American film director and editor William Hal Ashby (September 2, 1929 — December 27, 1988) was a complete fucking mess. Married and divorced five times, dependent on drugs and considered a recluse, his life and work reflected the counterculture lifestyle. He was part of the New Hollywood wave of filmmaking alongside contemporaries that included Martin Scorsese, Peter Bogdanovich, Woody Allen, and Roman Polanski.

Born into a Mormon family in Ogden, Utah, Ashby's parents divorced in 1936, and when he was 12 his father un-alived himself. After dropping out of high school at 17, he hitchhiked to L.A. for a fresh start. Finding a printing press job at Universal Studios, Ashby gradually worked his way into film editing at other studios, and was friends with a messenger named Jack Nicholson while at MGM. Eventually he moved up to full editor status while working with director Norman Jewison, and he won the Academy Award for film editing on In The Heat of the Night (1967).

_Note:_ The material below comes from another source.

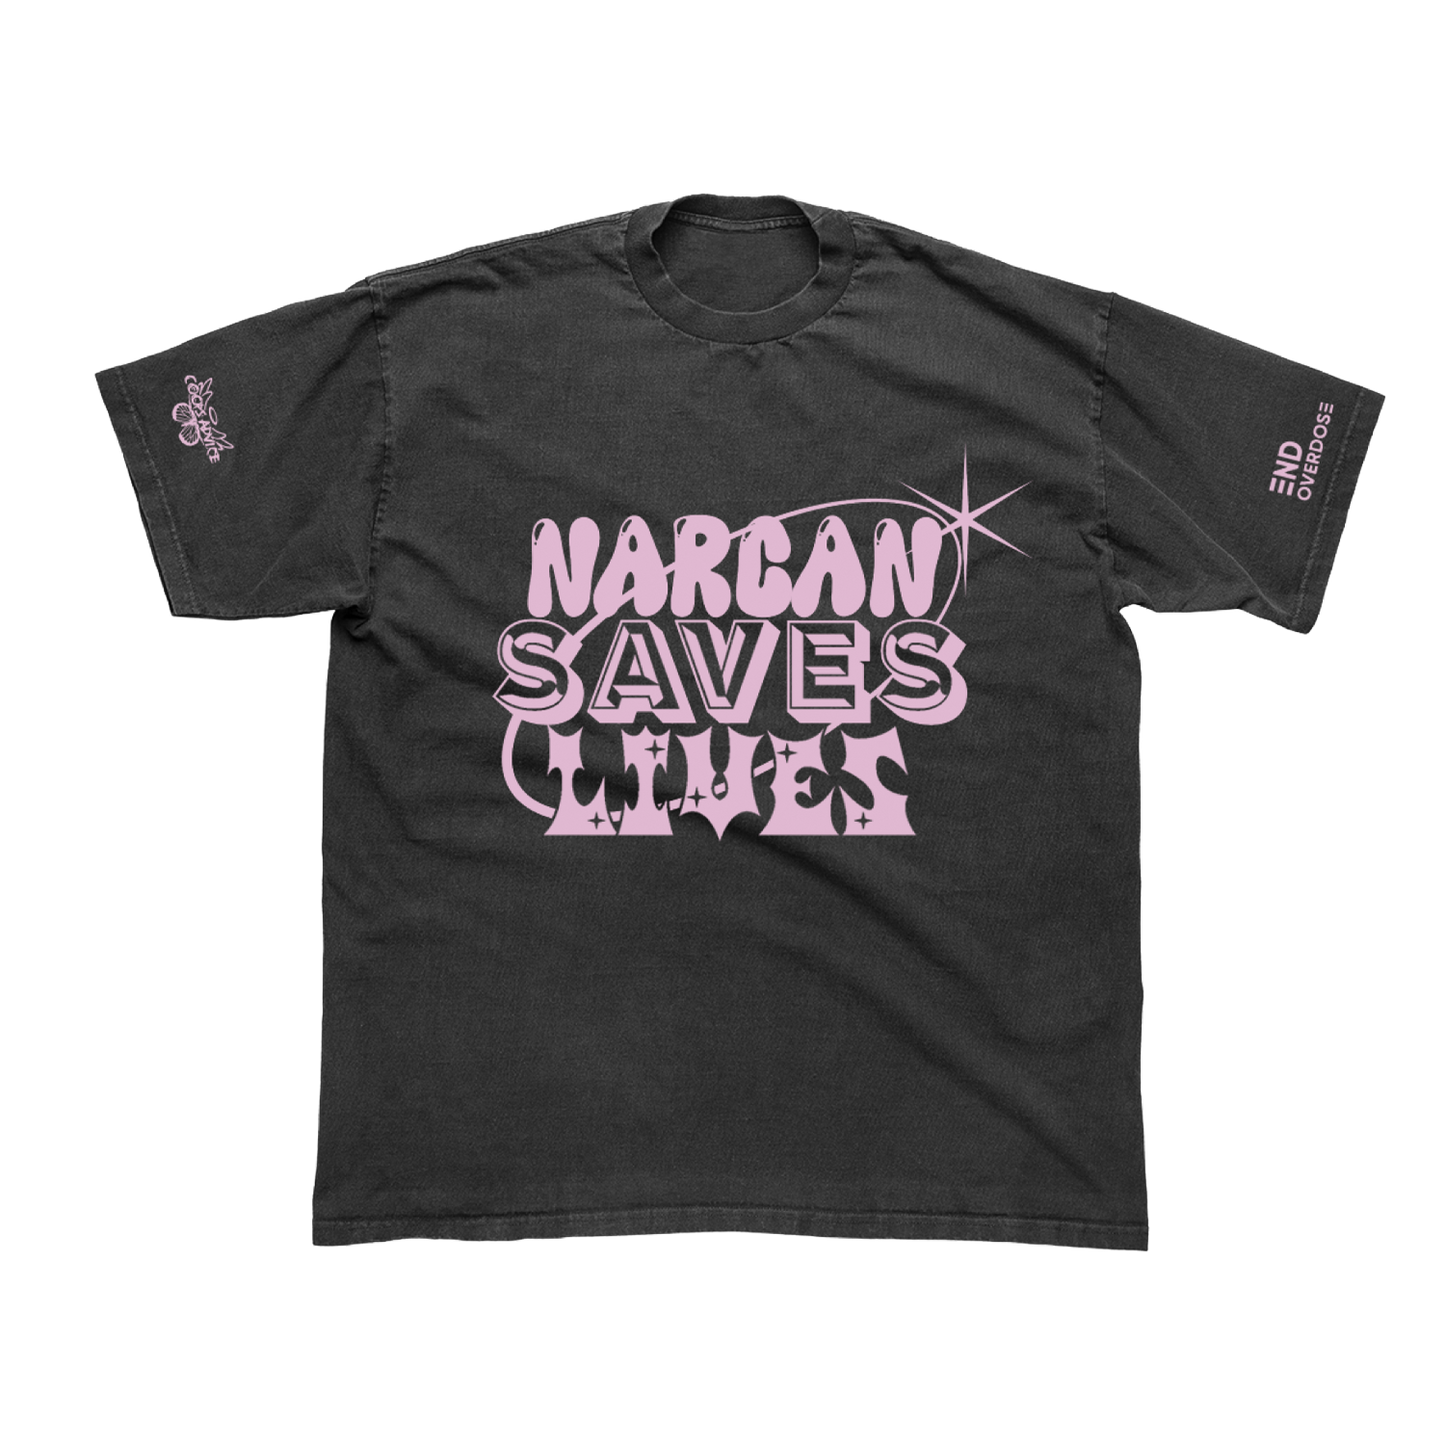 'Narcan Saves Lives' Black Tee

It was Jewison who encouraged Ashby to try his hand at directing with The Landlord (1970). This led to a series of successful and often critically-acclaimed films during that decade, including Harold and Maude (1971), The Last Detail (1973), Shampoo (1975), Coming Home (1978), and Being There (1979). In the 1980s, Ashby's career entered a tailspin as he became increasingly combative with executives at Lorimar who financed his production company Northstar. He gradually became unemployable due in part to his heavy cocaine use, and collapsed while filming Let's Spend the Night Together (1983), one of six films he completed that decade.

Ashby was diagnosed in 1988 with pancreatic cancer that quickly spread to other organs, and died at his home in Malibu at the age of 59. His life ended like his career: too soon and under-appreciated.